122.  Logging removes the processes CWD would have with its environment through internal surface areas.

123.  Logging is removing the needed material that certain organisms have the job to enter and gain entrance to the interior, which they consume and break down wood cells and fibers.  (Hey, this is why they were created)  Which the larger organisms – mites, collembolans, spiders, millipedes, centipedes, amphibians, and small mammals must await the creation of internal spaces before they can enter (Maser, Tarrant, Trappe and Franklin, 1988, pg42-par2).   

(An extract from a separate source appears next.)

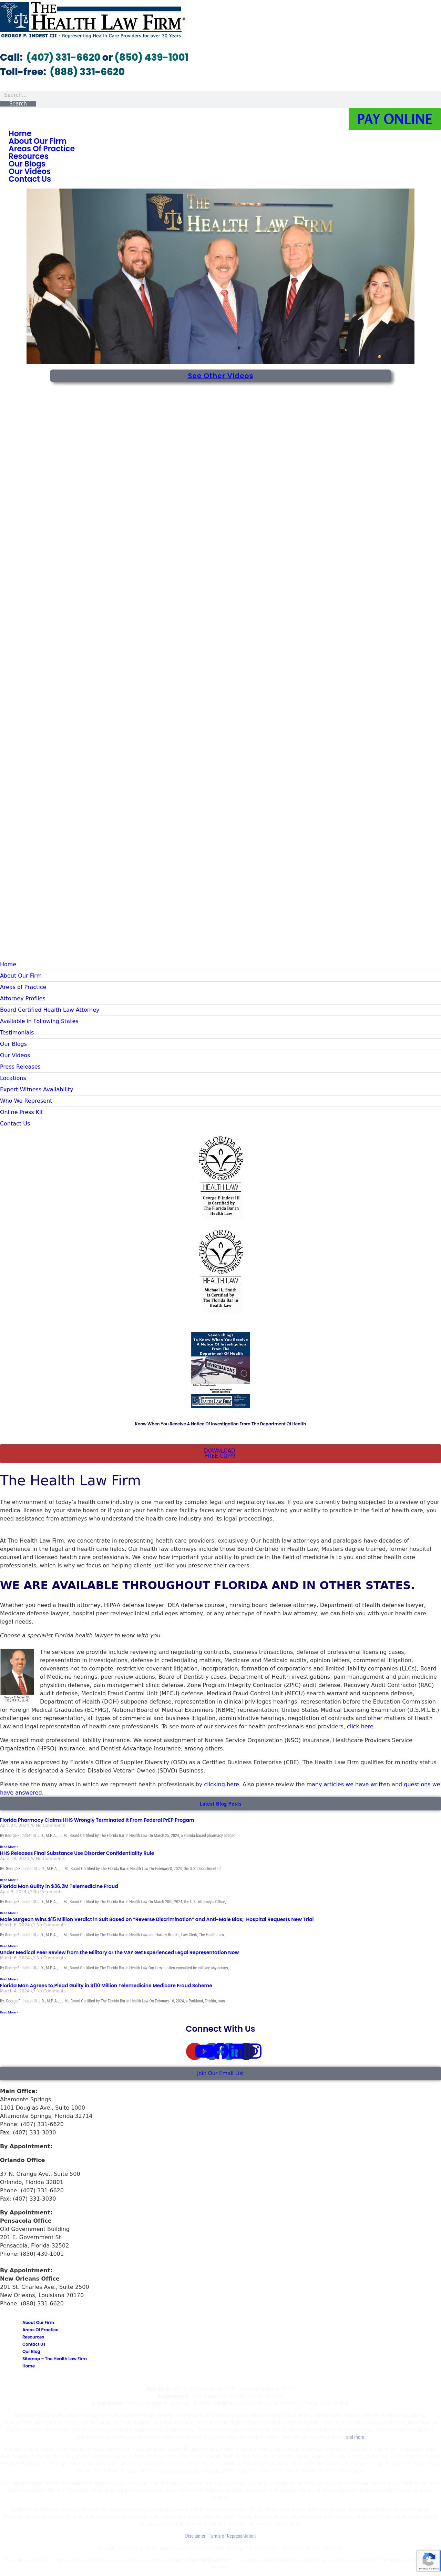 The Health Law Firm - Pensacola FL Lawyers

124.  Logging alters the flow of plant and animal populations, air, water, and essential elements which would have proceeded if logging was not done and would have increased as decomposition continued.  (Maser, Tarrant, Trappe and Franklin, 1988, pg42-par2).  The point, if you please, is that when you remove the masses of CWD you disrupt, deplete thus causing dysfunction (leading to Death by means of Killing) the designed essential environmental health needs of plant, animal populations, air, water and essential elements.  Than man claims that the system is not returning to the conditions prior logging (given many fancy names), then points the finger to deer claiming they are responsible for the problem.  The problem is that things big and small are leaving this planet. As latter statements mention, much needed material for health is removed in logging which would have benefited the deer and system.  Why not call the forest a deer system (heart – lungs – liver – kidneys – feet  = parts of system) Man is the only known organism that makes decisions regarding trees out of the ignorance of tree biology and than adds insult to injury. 

125.  Logging is removing tree parts that would have created and maintained diversity in forest communities (Maser, Tarrant, Trappe, and Franklin, 1988, pg44-par3).

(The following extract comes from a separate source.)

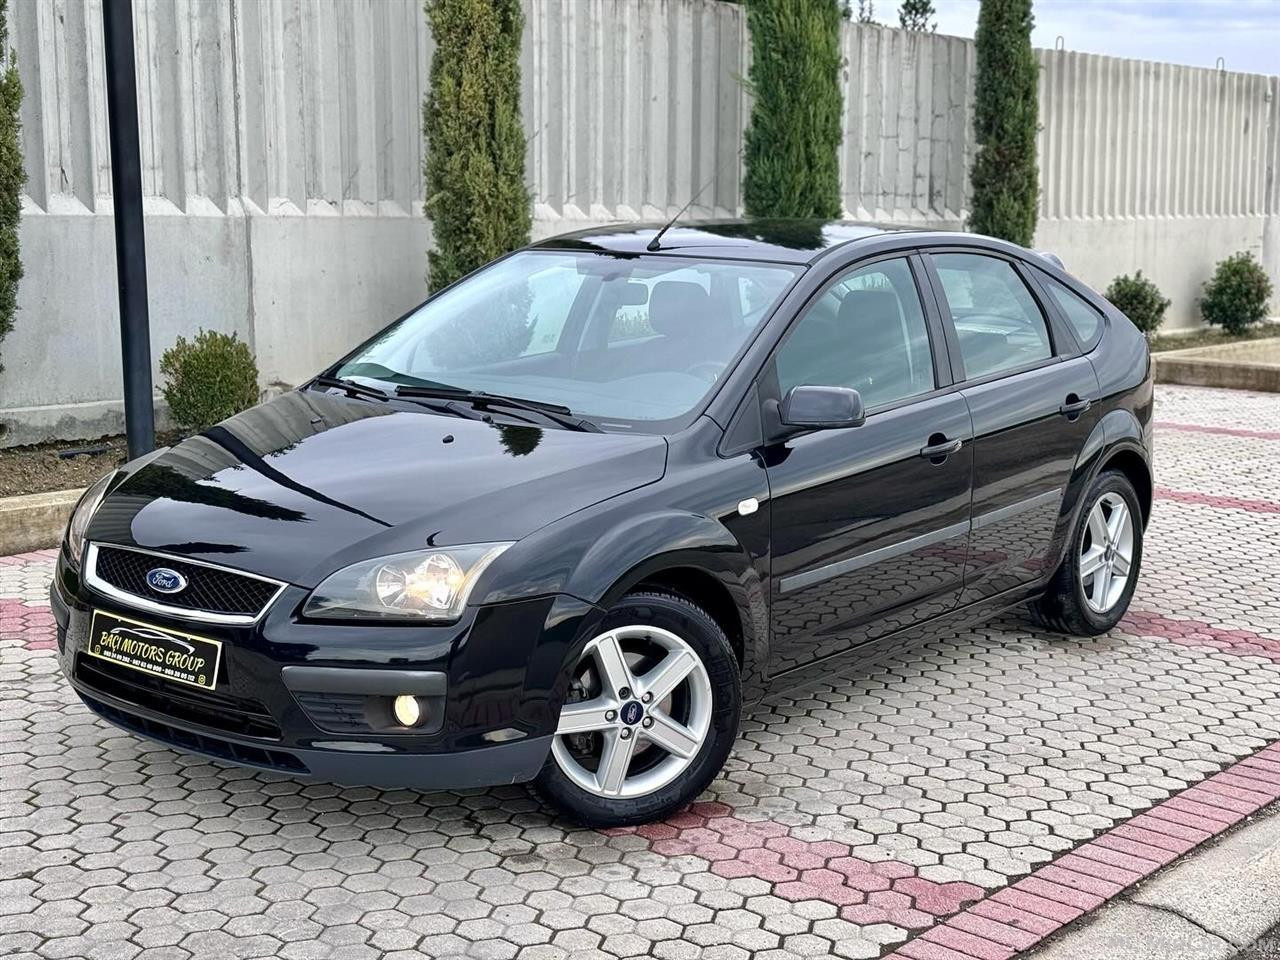 Ford Focus 1.6nafte 2007

126.  Logging is removing material that would have resided on the once fertile forest floor for long periods, would have added to spatial, chemical, and biotic diversity of forest soils, and to the processes that maintain long-term forest productivity (Maser, Tarrant, Trappe, and Franklin, 1988, pg44-par3).

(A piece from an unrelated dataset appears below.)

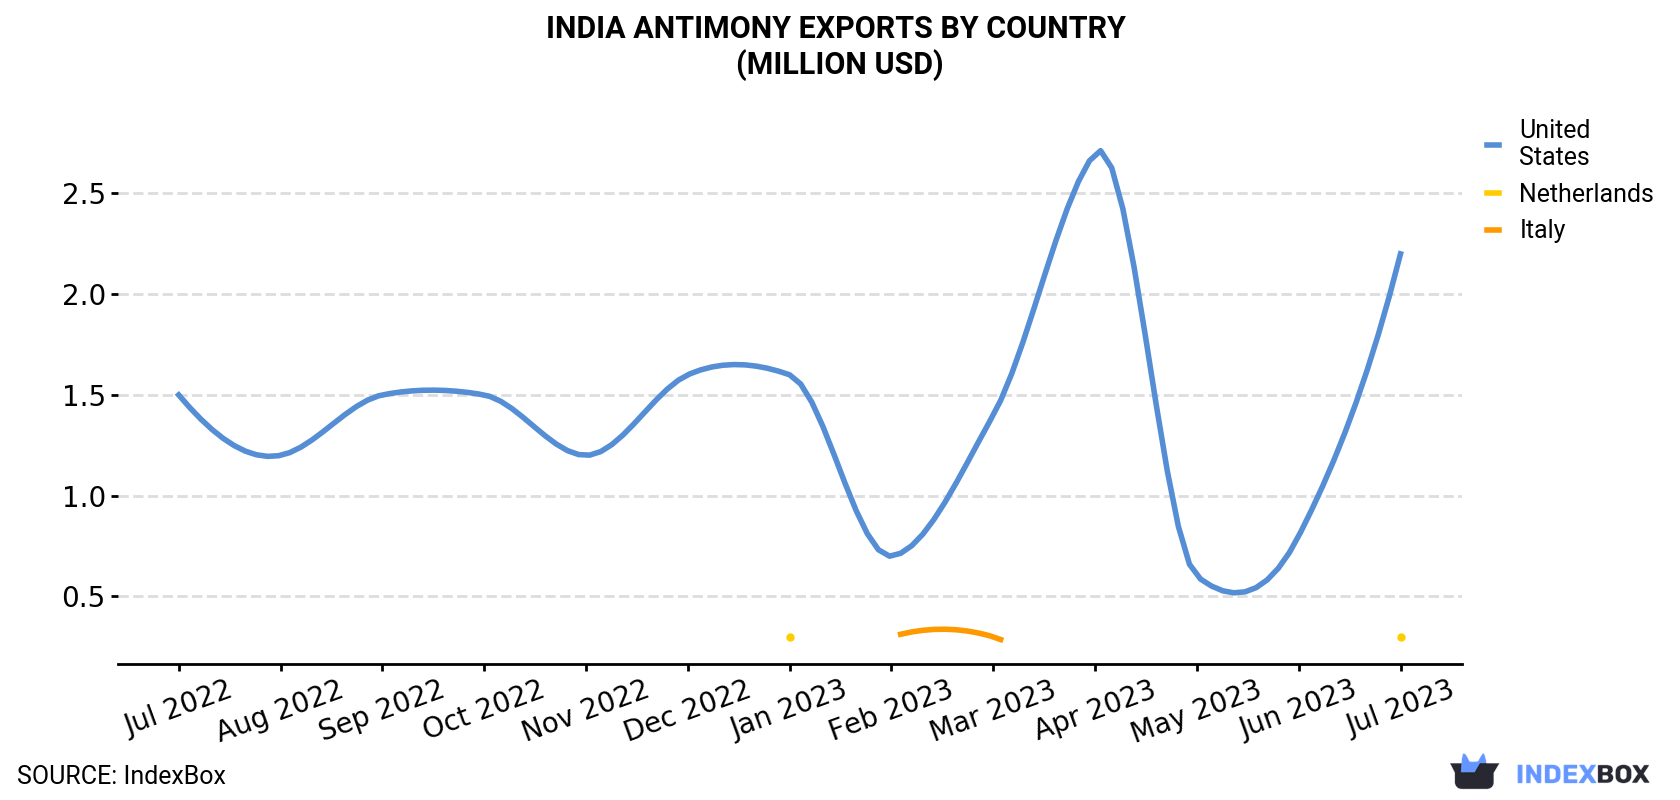 India Antimony Exports By Country (Million USD)

127.  Logging then is reducing spatial, chemical, and biotic diversity of forest soils, and the processes that maintain long-term forest productivity (Maser, Tarrant, Trappe, and Franklin, 1988, pg44-par3).

128.  Logging is removing material that that partly would have maintain the once fertile forest floors diversity which is partly maintained by windthrown trees that create a pit-and-mound topography as they are uprooted (Maser, Tarrant, Trappe and Franklin, 1988, pg45-fig2.7).   

129.  Logging is removing material that would have functioned seedbeds or nurse logs for some trees species and many species of bryophytes, fungi, and lichens, and some flowering plants (Table 7.6) (Samuelsson et al. 1994; D.F. Fraser, pers. comm., 1995; E.C. Lea, pers. comm., 1995) (Voller and Harrison, 1998).

130.  Conclusion: Without a doubt, the removal of CWD is the primary agent, which alters the system in which problems are blamed on secondary agents such as deer.  Although there is a serious case of denial such as unobserved with the Painter Run Windthrow Salvage Project?  We know many animals such as deer and bear use CWD for food supply. “Harvest and fire-caused reductions of organic materials on and in northern forest soils have been linked to reforestation problems (Harvey, Jurgensen and Larsen, 1981).